José Thomaz

Posted on May 15

Why is it so hard to forecast the Dollar rate? An attempt with Python

#datascience #economics #math #python

As a Brazilian working for a foreign company, I'm always keeping an eye on the USD to BRL exchange rate to plan my finances for the month. In the first few months, I tried predicting the dollar rate on my payday using all sorts of methods: checking forecasts from financial institutions, looking into futures, using statistics, but none of them really worked. The value was always different from what I expected, sometimes higher, sometimes lower.

Because of that, I decided to write a post about time series forecasting. I wanted to dig deeper into why it's so hard to make accurate predictions and share some of the insights I’ve learned along the way.

3 rules to know if something can be predicted

Not everything can be forecasted, some assumptions need to be met.

Rule 1: We need to know and understand the factors that affect the indicator that we are trying to predict

Condition matched for Dollar Rate forecasting? ❌

The dollar rate is influenced by dozens of factors, and worse, many of them are unpredictable, or we simply don't know whether a change will push the rate up or down.
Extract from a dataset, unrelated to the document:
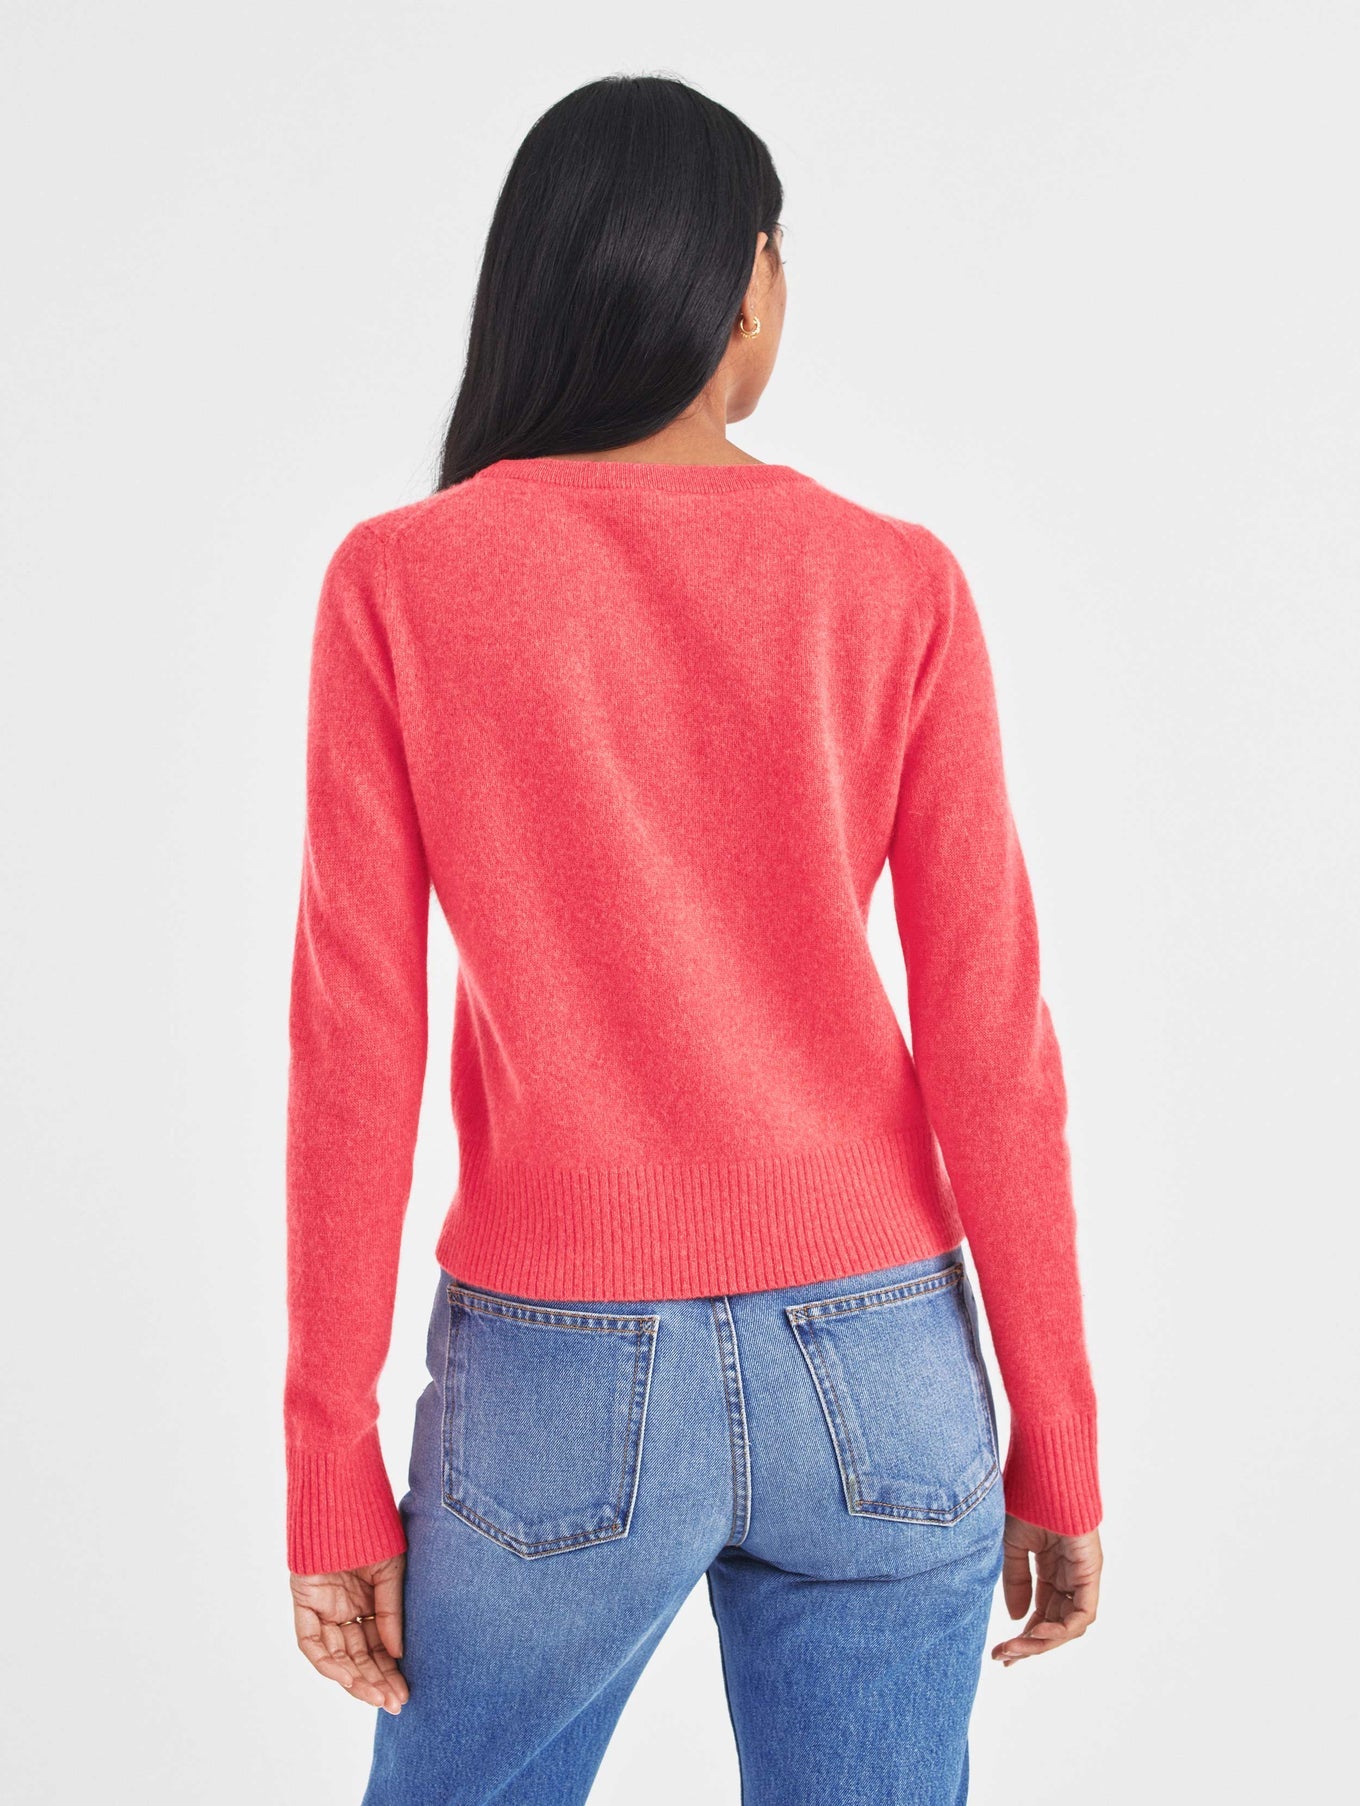 Classic crew - red ember heather
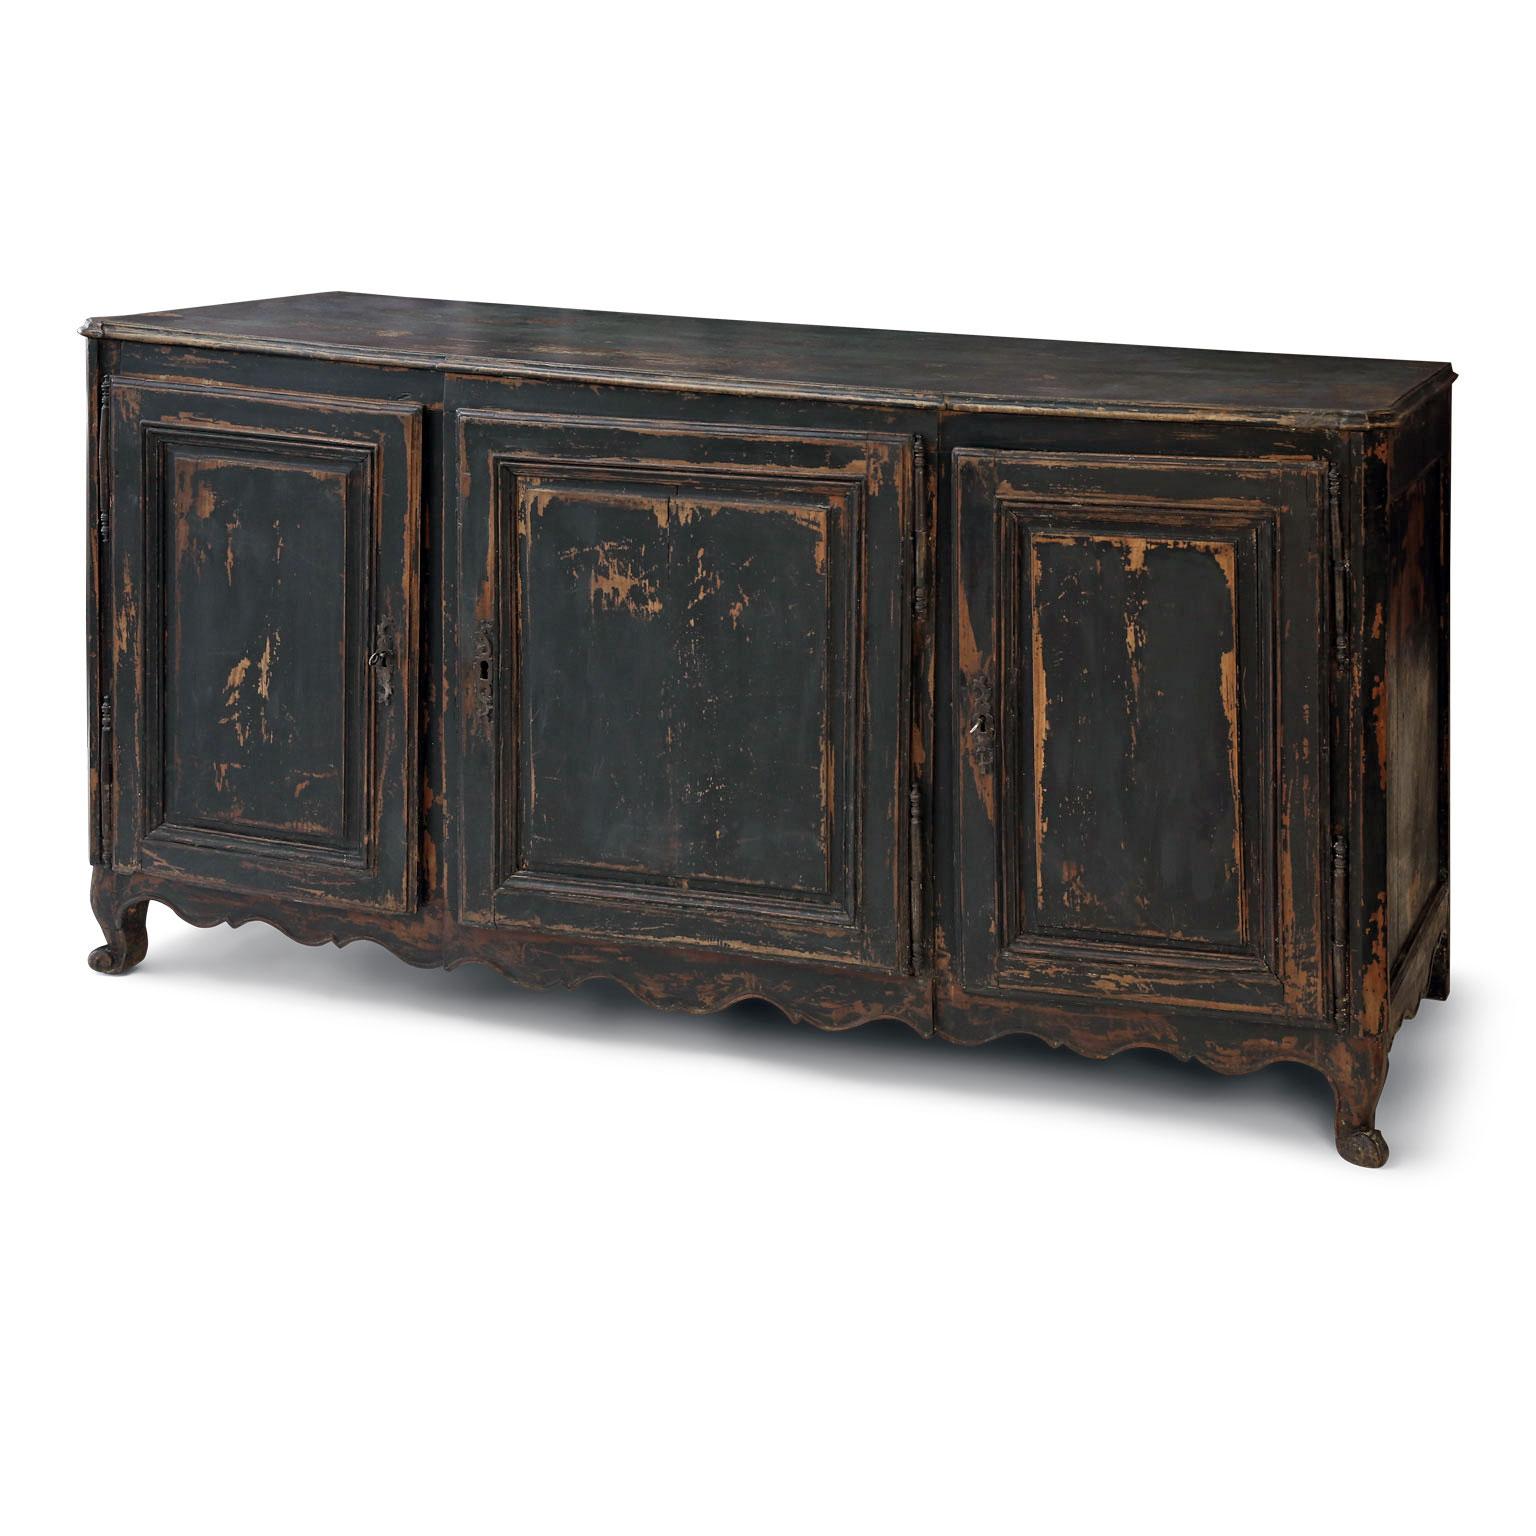 Large enfilade painted in black with dark blue undertones and hand carved in French walnut. Transitional Louis XVI-XVI style body raised upon cabriole legs with scalloped lower apron. Two doors conceal interior storage with one shelf and two half

Interest rates, inflation, political stability, commodity prices, global financial crises, wars, elections... the list goes on.

Even if you could model some of these factors (like Central Bank decisions or inflation rates), sudden geopolitical events or unexpected government actions can easily throw any forecast completely off track. We simply don't have access to all the variables at play.

Rule 2: There must be enough data available

Condition matched for Dollar Rate forecasting? ✅

This condition is certainly matched, since we have lots of historical data on the USD Rate against most of the currencies of the world. When we want to forecast something, it's important to have enough data, so we can correctly identify patterns, trends, and seasonality.

Rule 3: The forecast itself should not change the indicator value

Condition matched for Dollar Rate forecasting? ❌

For a forecast to be reliable, the act of making the prediction itself shouldn't influence the result. If everyone changes their behavior based on the forecast, the forecast stops being valid.

Imagine a big and respected financial institution, like Goldman Sachs, publishing a report saying:

"We expect the dollar to rise by 5% over the next month against the BRL."

Investors and companies don't want to miss the opportunity.
As soon as the report is published, there’s a rush to buy dollars, creating extra demand and making the dollar rise immediately.
Very likely, the price will reach — or even exceed — the predicted 5% rise before the month ends.
At that point, the original forecast becomes flawed: reality has already changed because of the forecast itself.

This is a classic effect described by the Efficient Market Hypothesis (EMH): In efficient markets, as soon as new information appears, prices adjust immediately. You can’t profit easily from forecasts, because once a prediction is public, the market incorporates it into the price.

Trying anyway

As we saw, only one of the three conditions was met, so we can assume that forecasting the Dollar Rate with precision is not possible, or at least extremely difficult.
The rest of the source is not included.